= Beginning of Section =
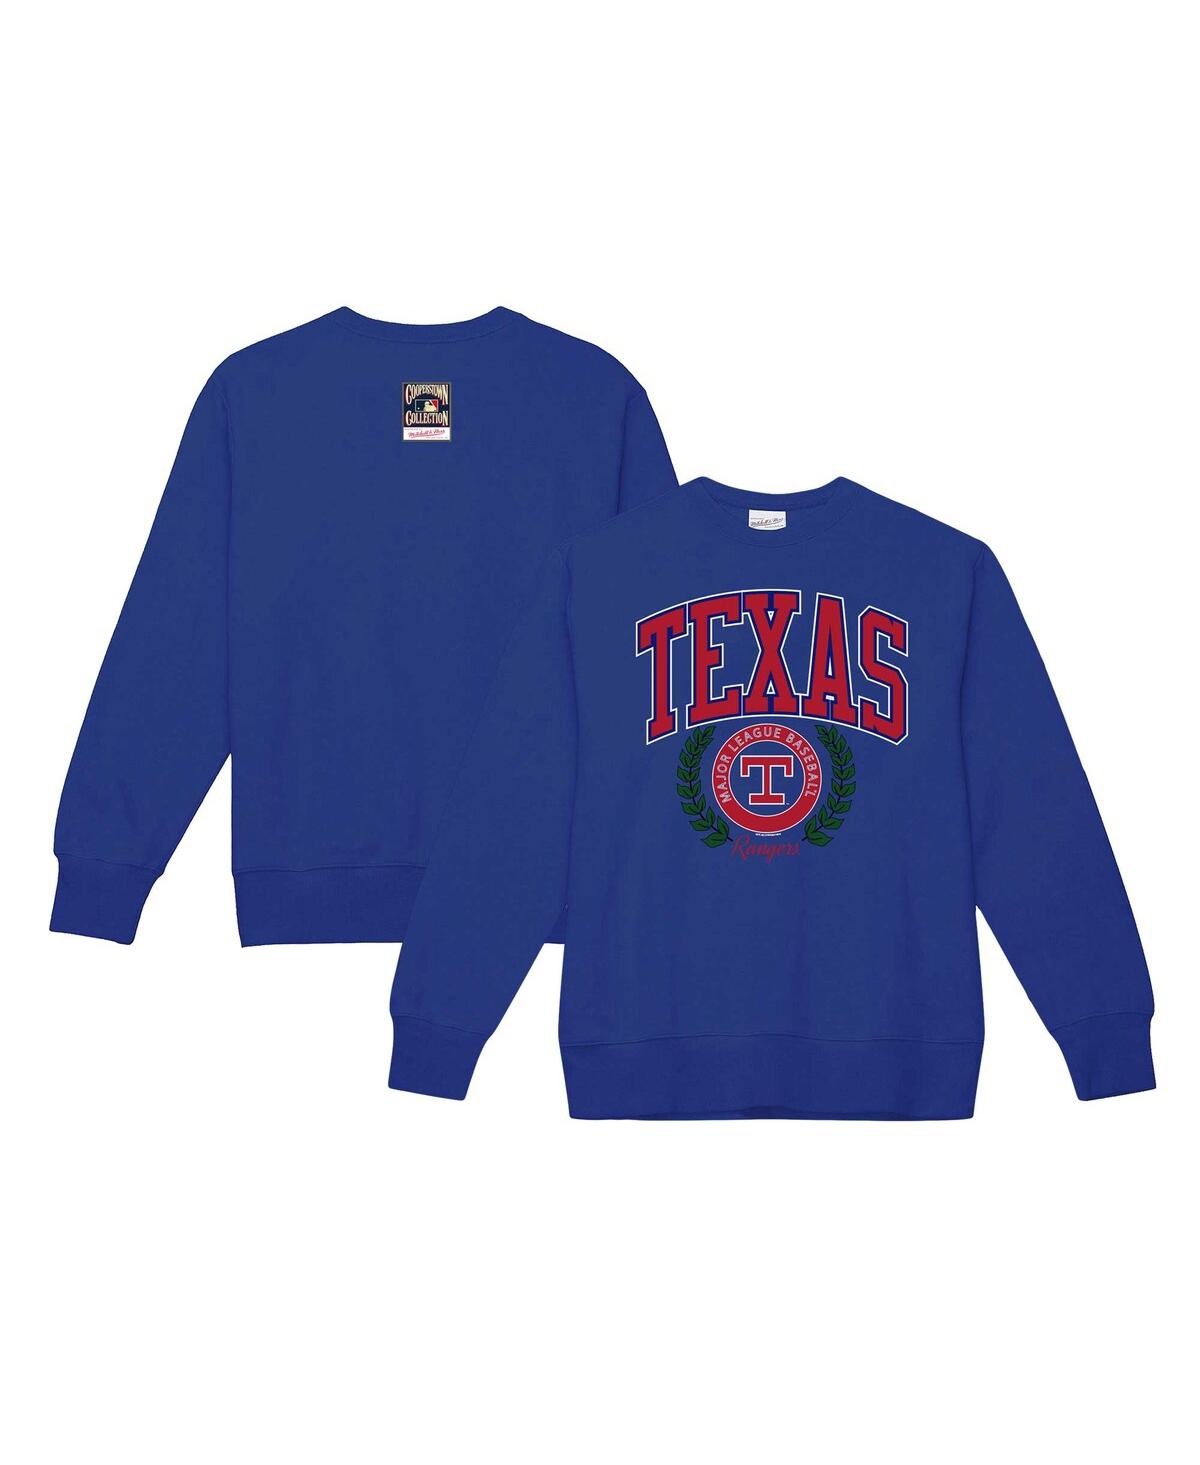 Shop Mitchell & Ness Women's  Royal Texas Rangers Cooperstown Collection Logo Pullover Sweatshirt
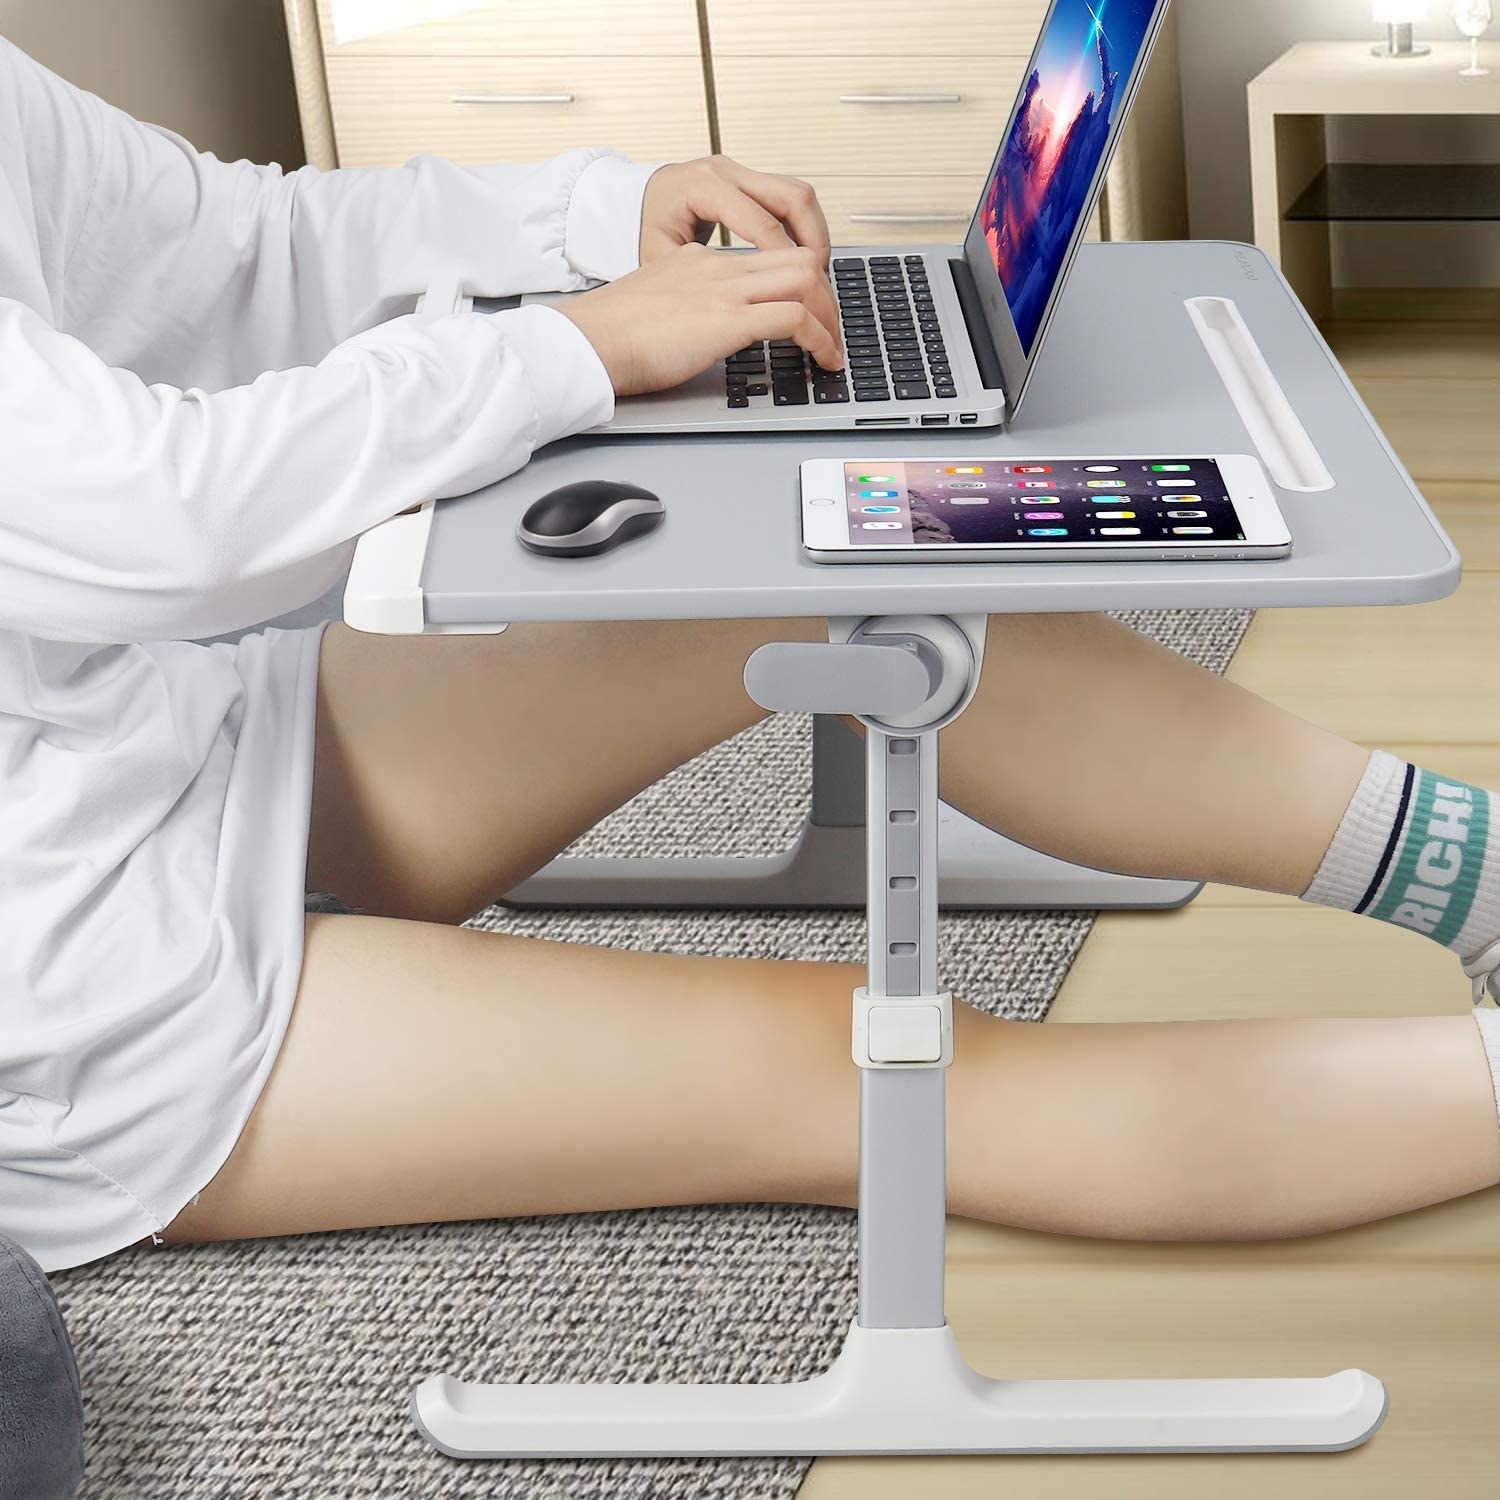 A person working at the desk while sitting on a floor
= End of Section =
= Beginning of Section =
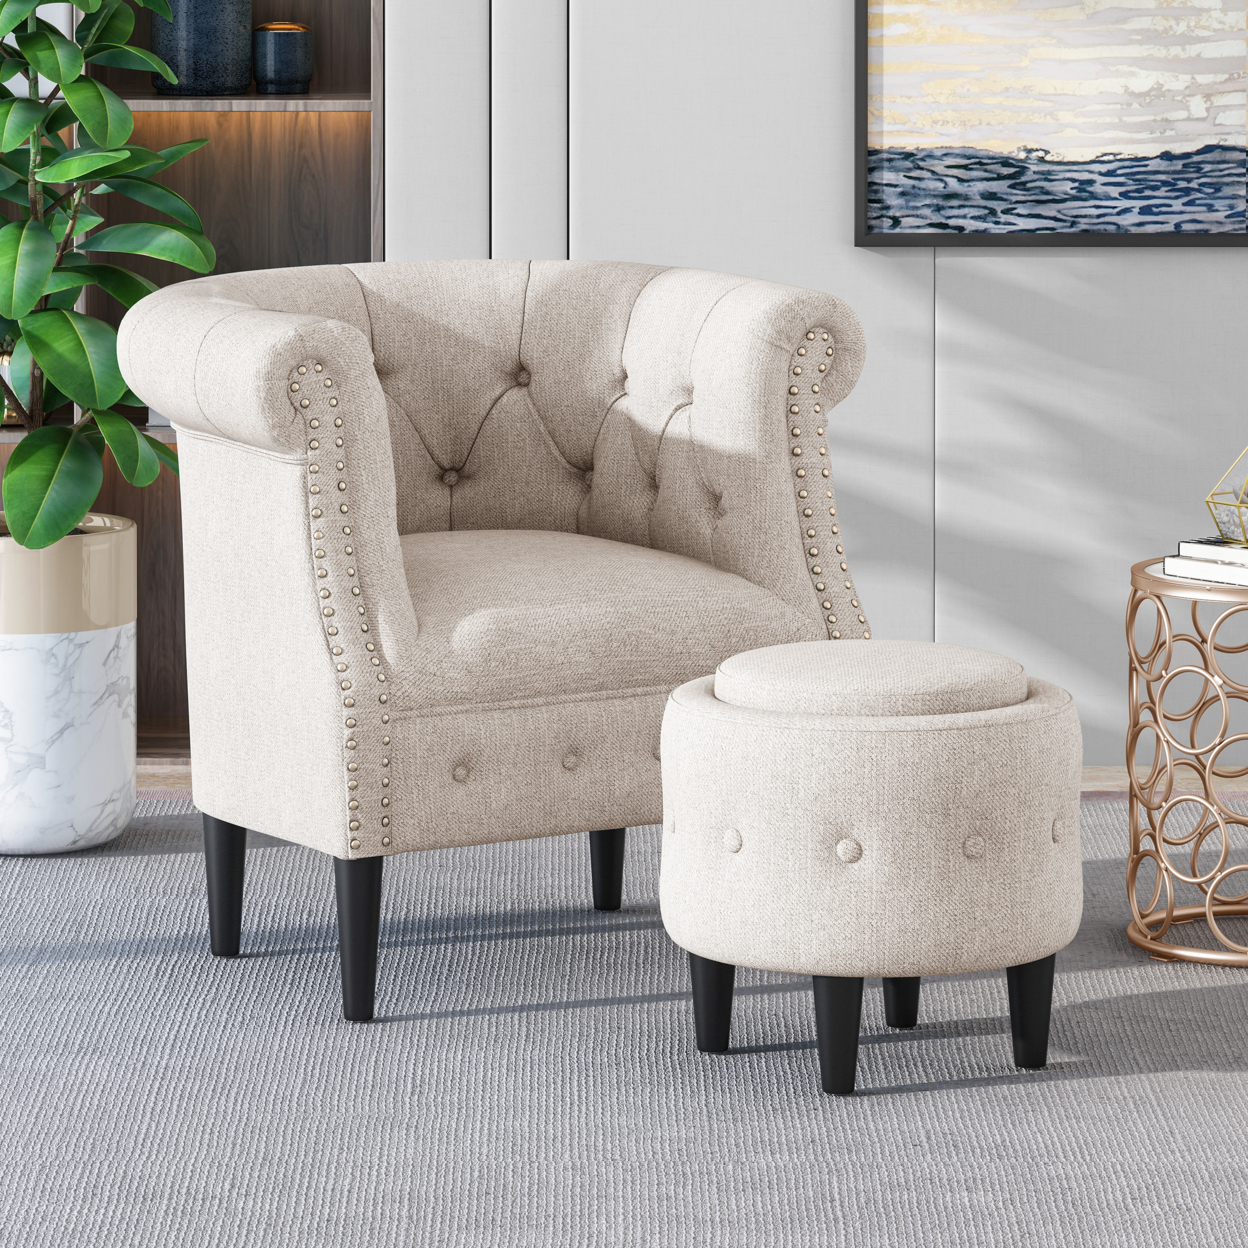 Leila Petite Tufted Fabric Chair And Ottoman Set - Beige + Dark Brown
= End of Section =
= Beginning of Section =
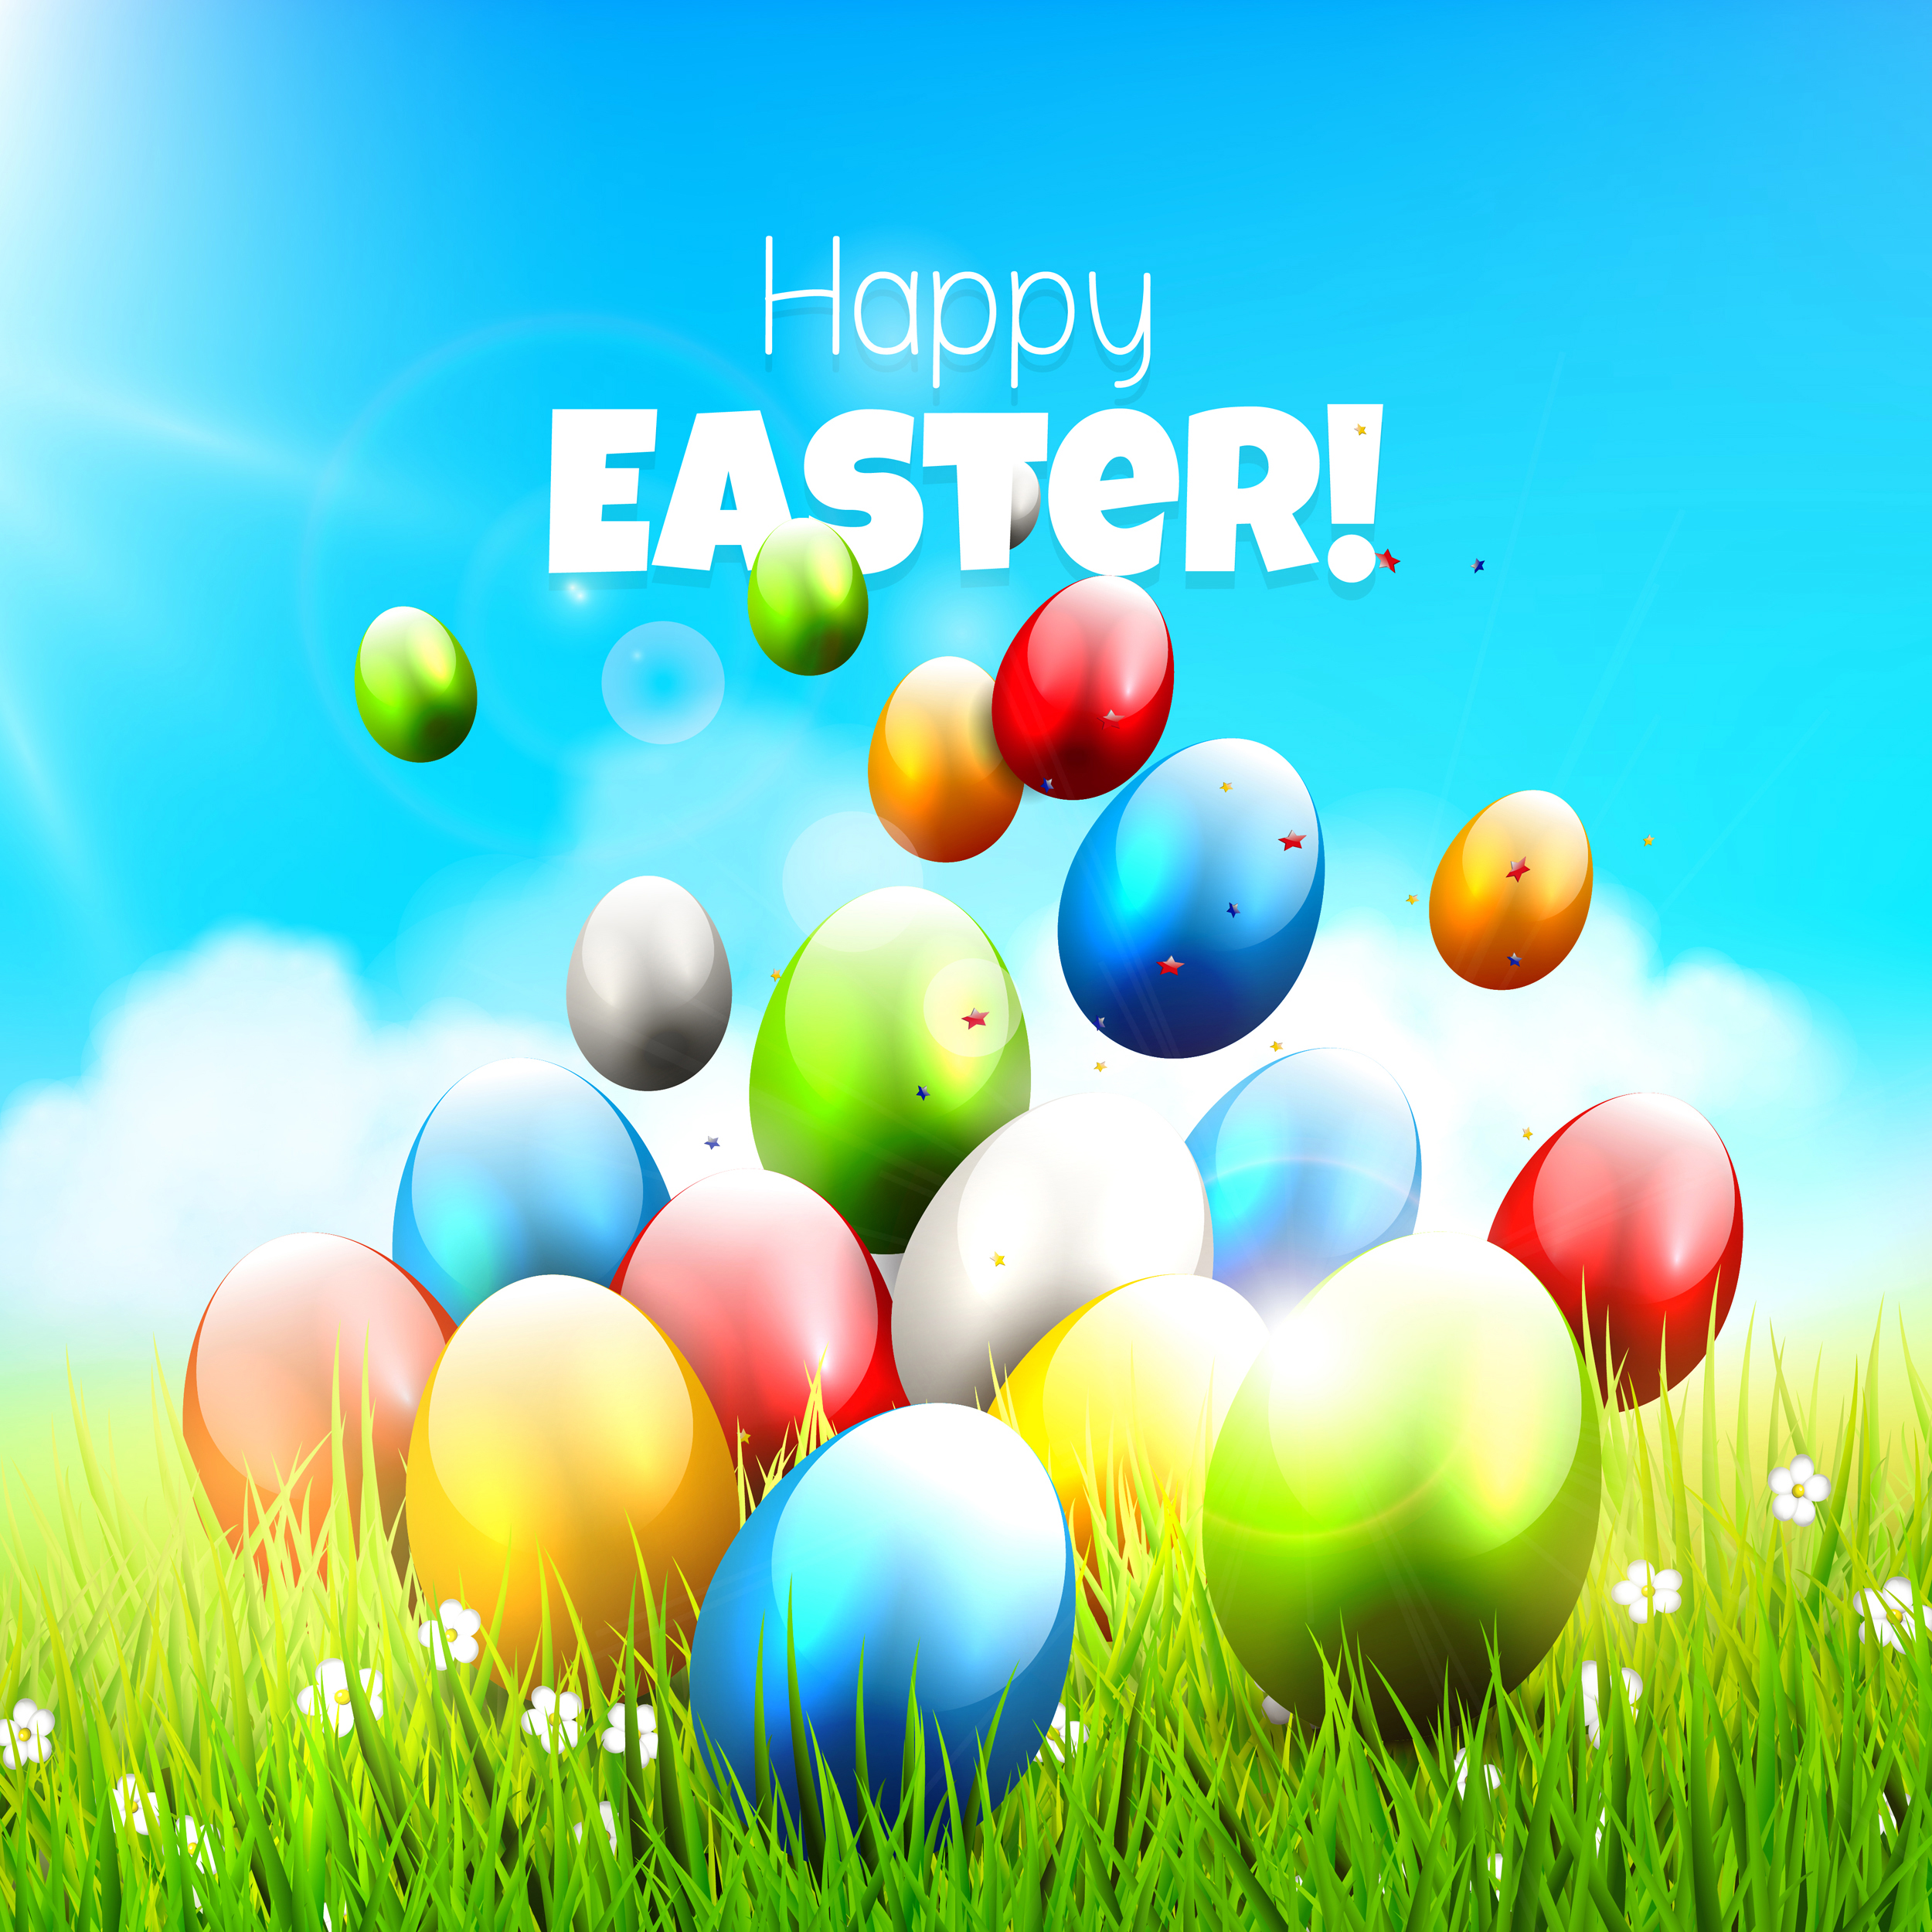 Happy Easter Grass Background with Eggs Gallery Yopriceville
= End of Section =
Look above and copy only the lines from the one holding "Shop Mitchell &" to the one holding "A person working", both included, exactly, minus the pictures.

#### [Answer to this exercise]
 Shop Mitchell & Ness Women's  Royal Texas Rangers Cooperstown Collection Logo Pullover Sweatshirt
 A person working at the desk while sitting on a floor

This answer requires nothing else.